Directions for this task: Please copy the listing that follows exactly, leaving out any pictures.

Data excerpt:
# # # # # # #
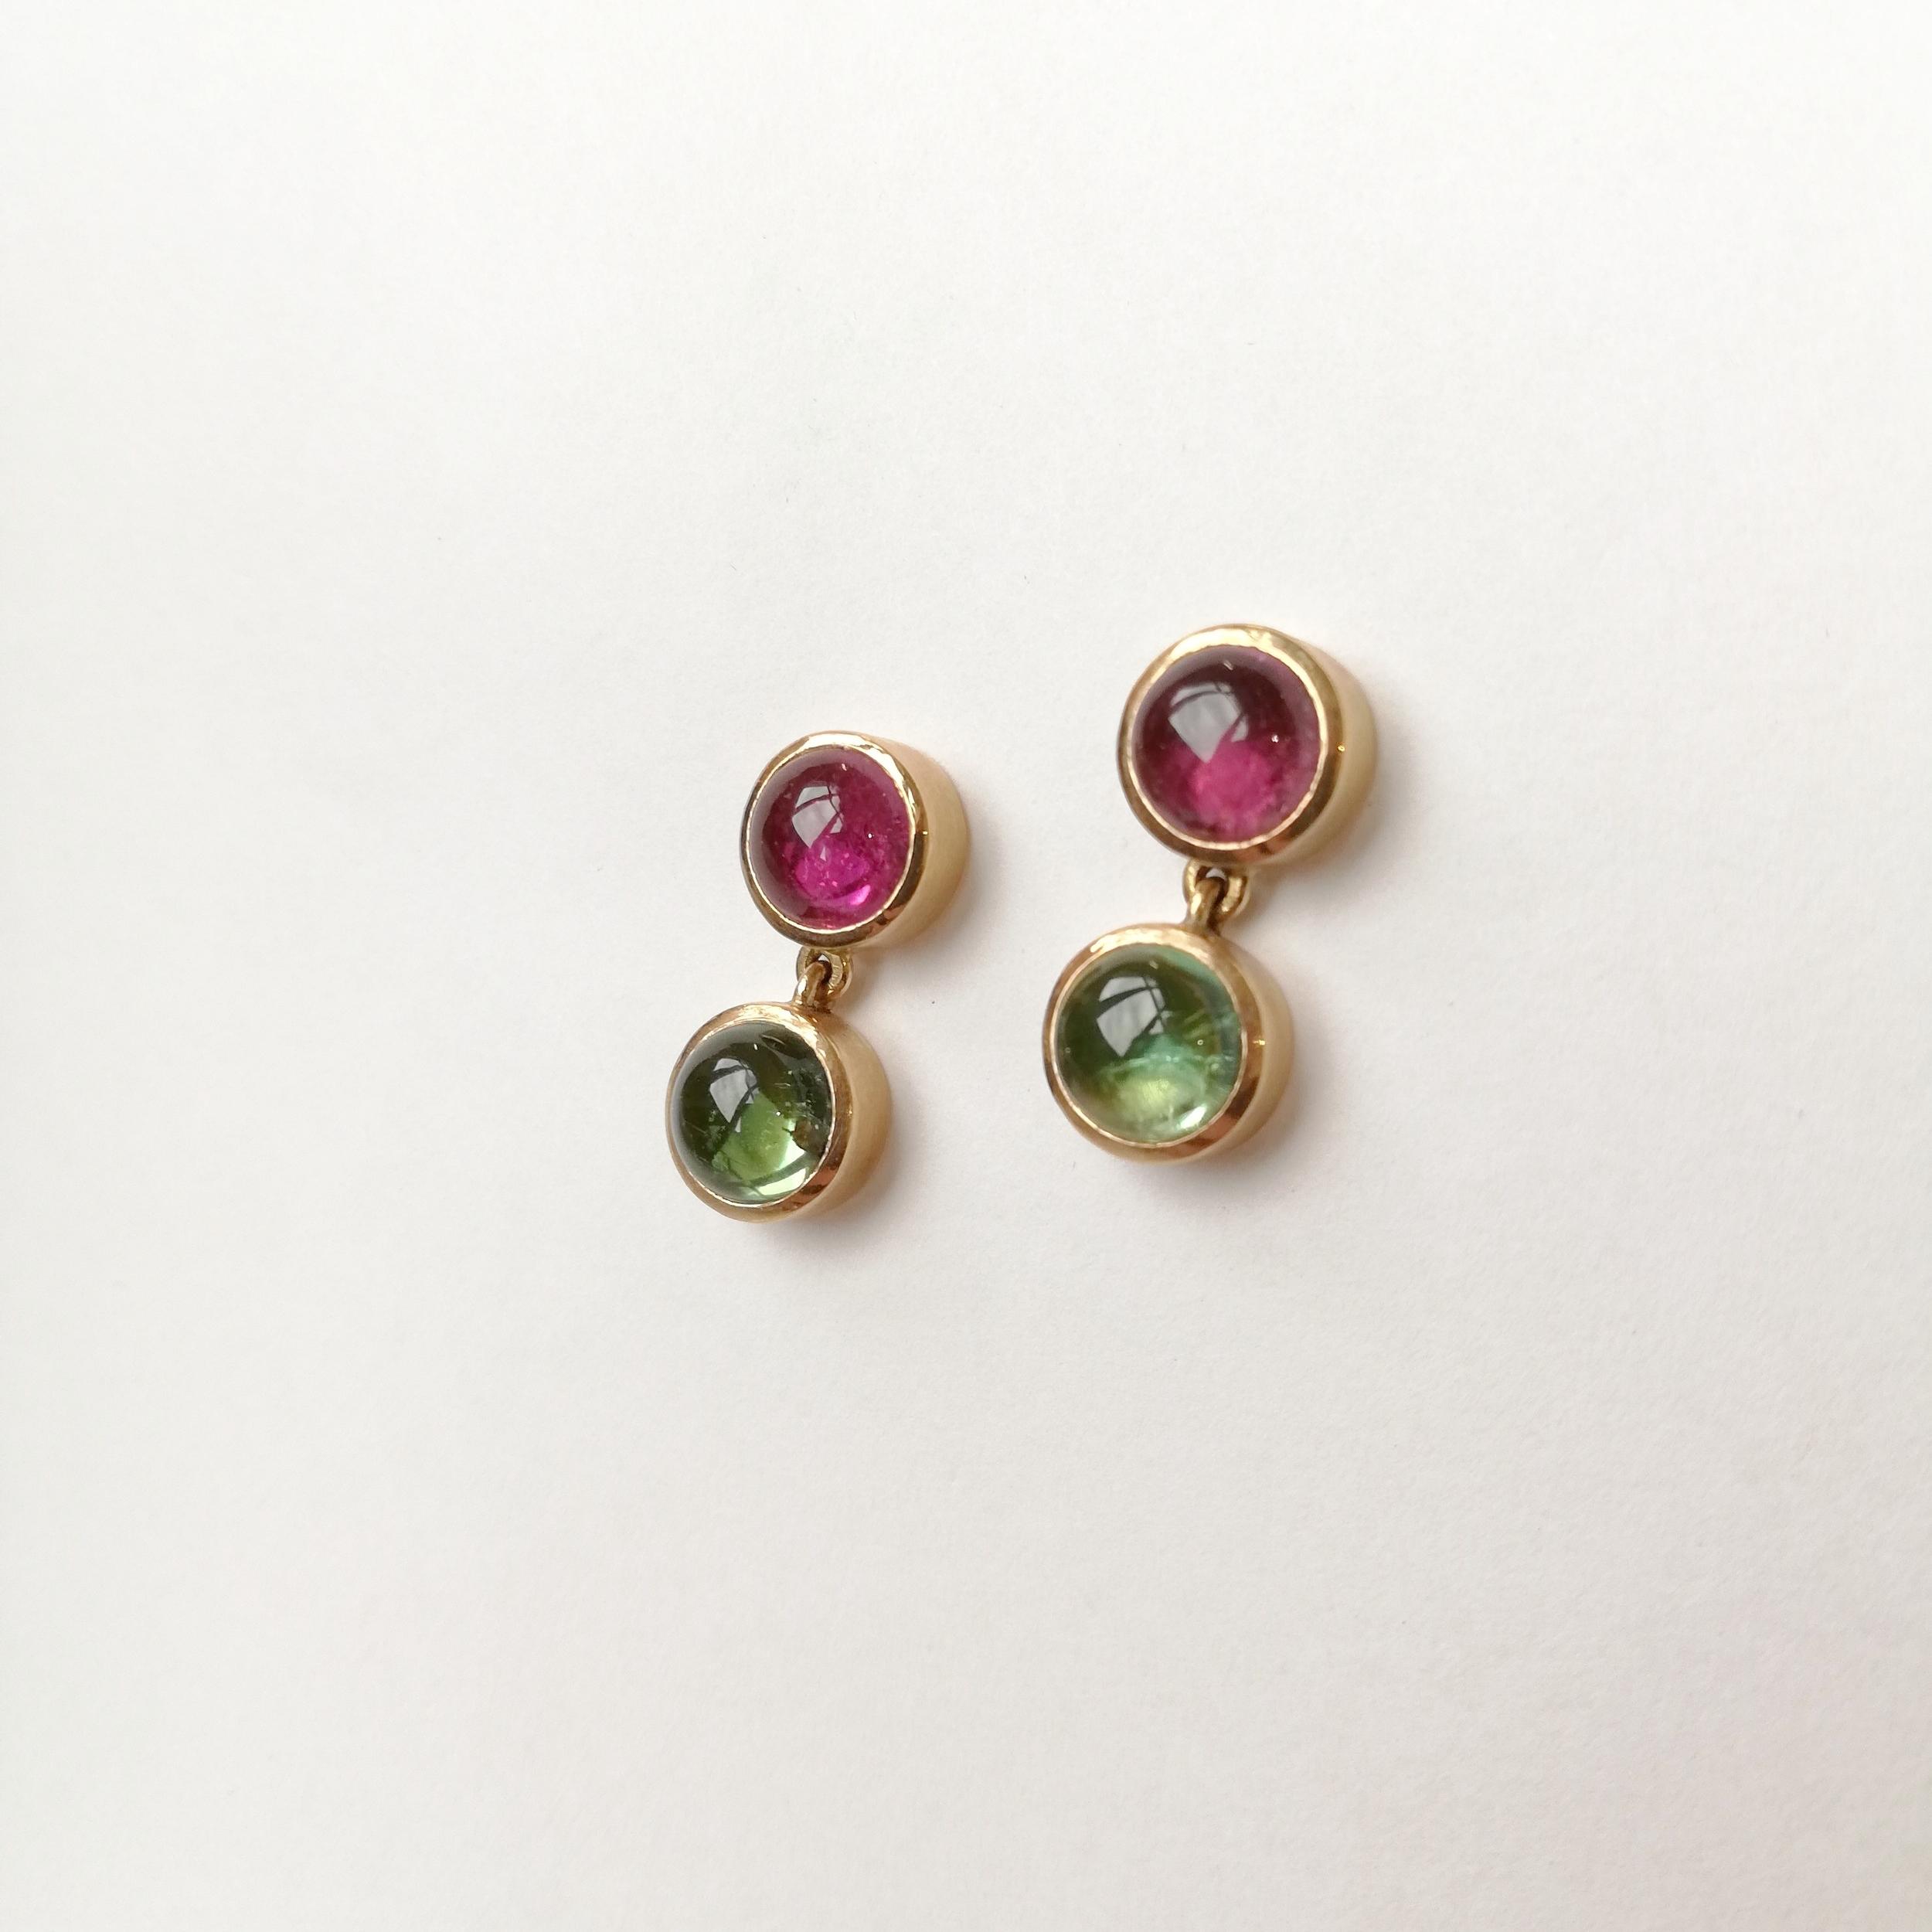 Ohrschmuck No.1 - Turmaline pink & grün / Roségold 750 Fr. 1890.00auch mit anderen Farbsteinen erhältlich,Preise variierend
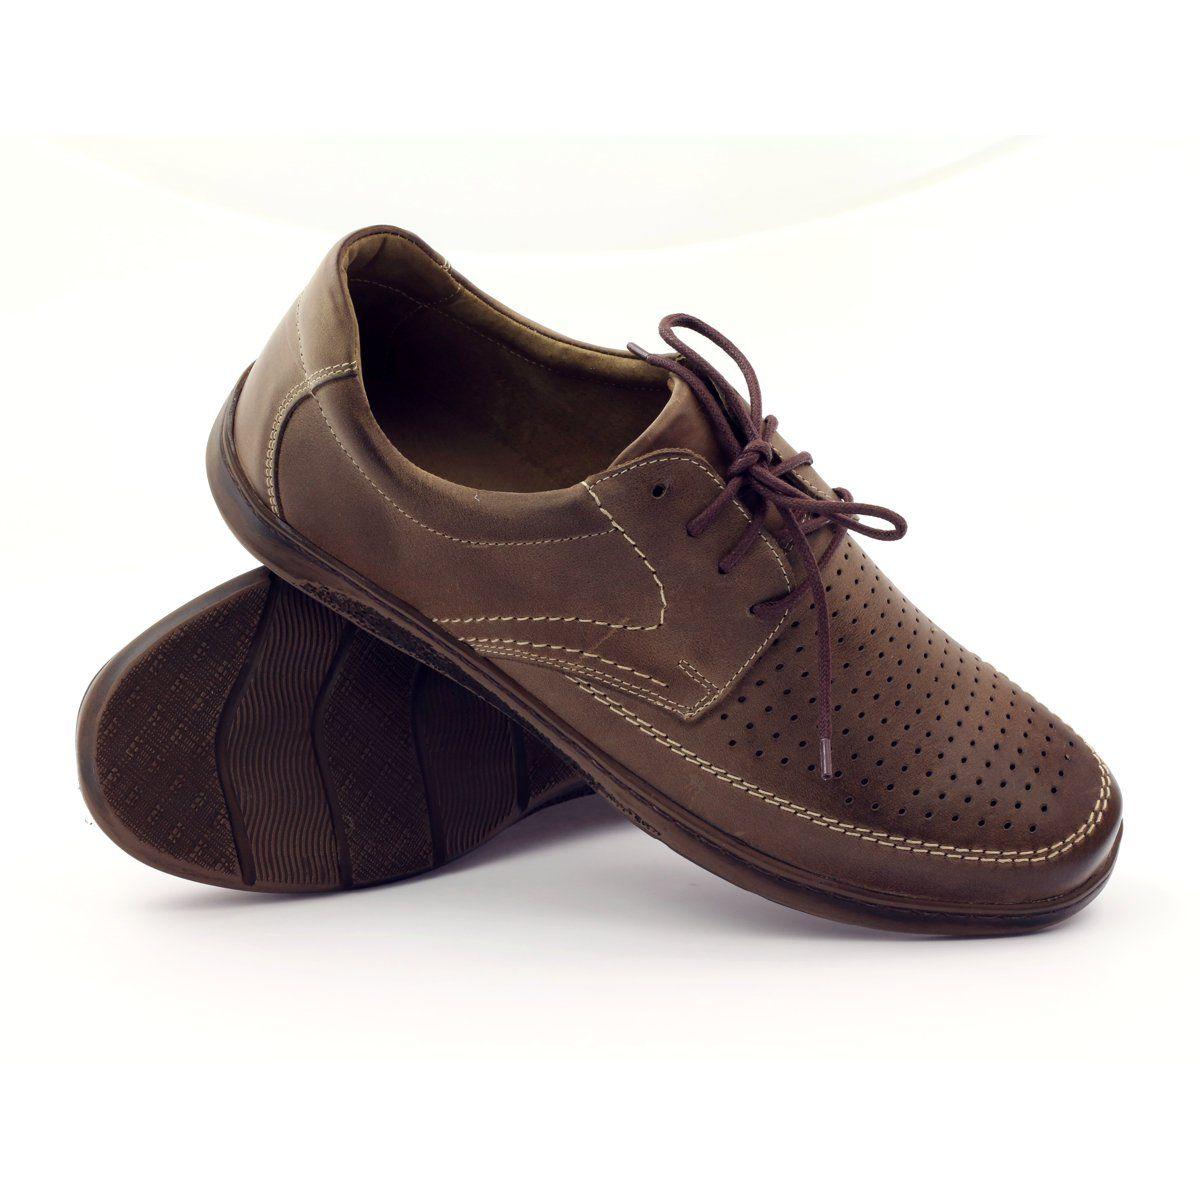 Shoes Men S Riko Riko Men S Shoes With Perforated Shoes 848 Brown Perforated Shoes Mens Shoes Boots Men S Shoes
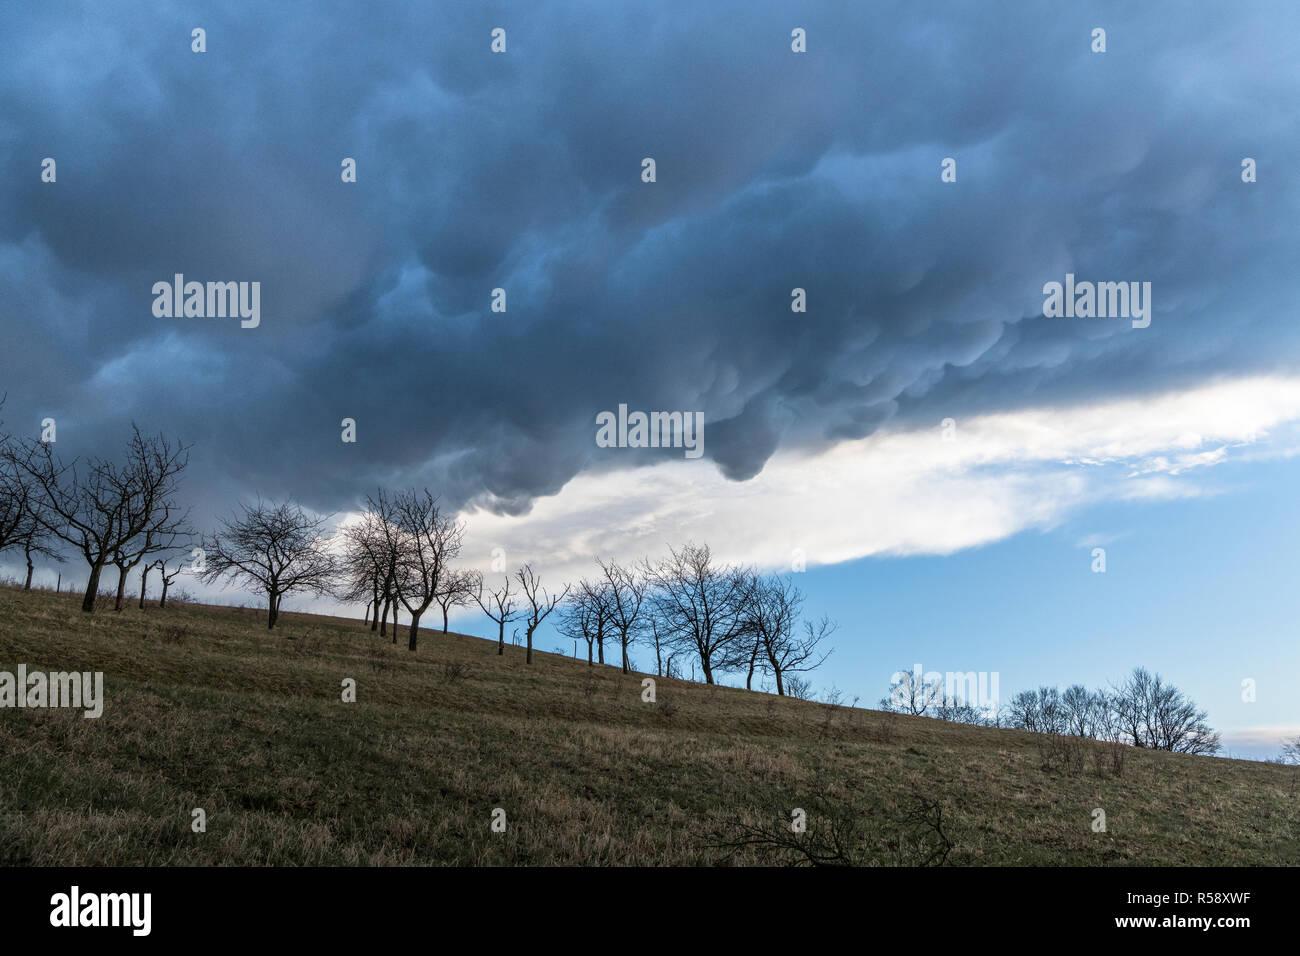 Szinérváralja, orages, nuages Mammatus, Thuringe, Allemagne Banque D'Images
# # # # # # #
Exercise output:
 Ohrschmuck No.1 - Turmaline pink & grün / Roségold 750 Fr. 1890.00auch mit anderen Farbsteinen erhältlich,Preise variierend
 Shoes Men S Riko Riko Men S Shoes With Perforated Shoes 848 Brown Perforated Shoes Mens Shoes Boots Men S Shoes
 Szinérváralja, orages, nuages Mammatus, Thuringe, Allemagne Banque D'Images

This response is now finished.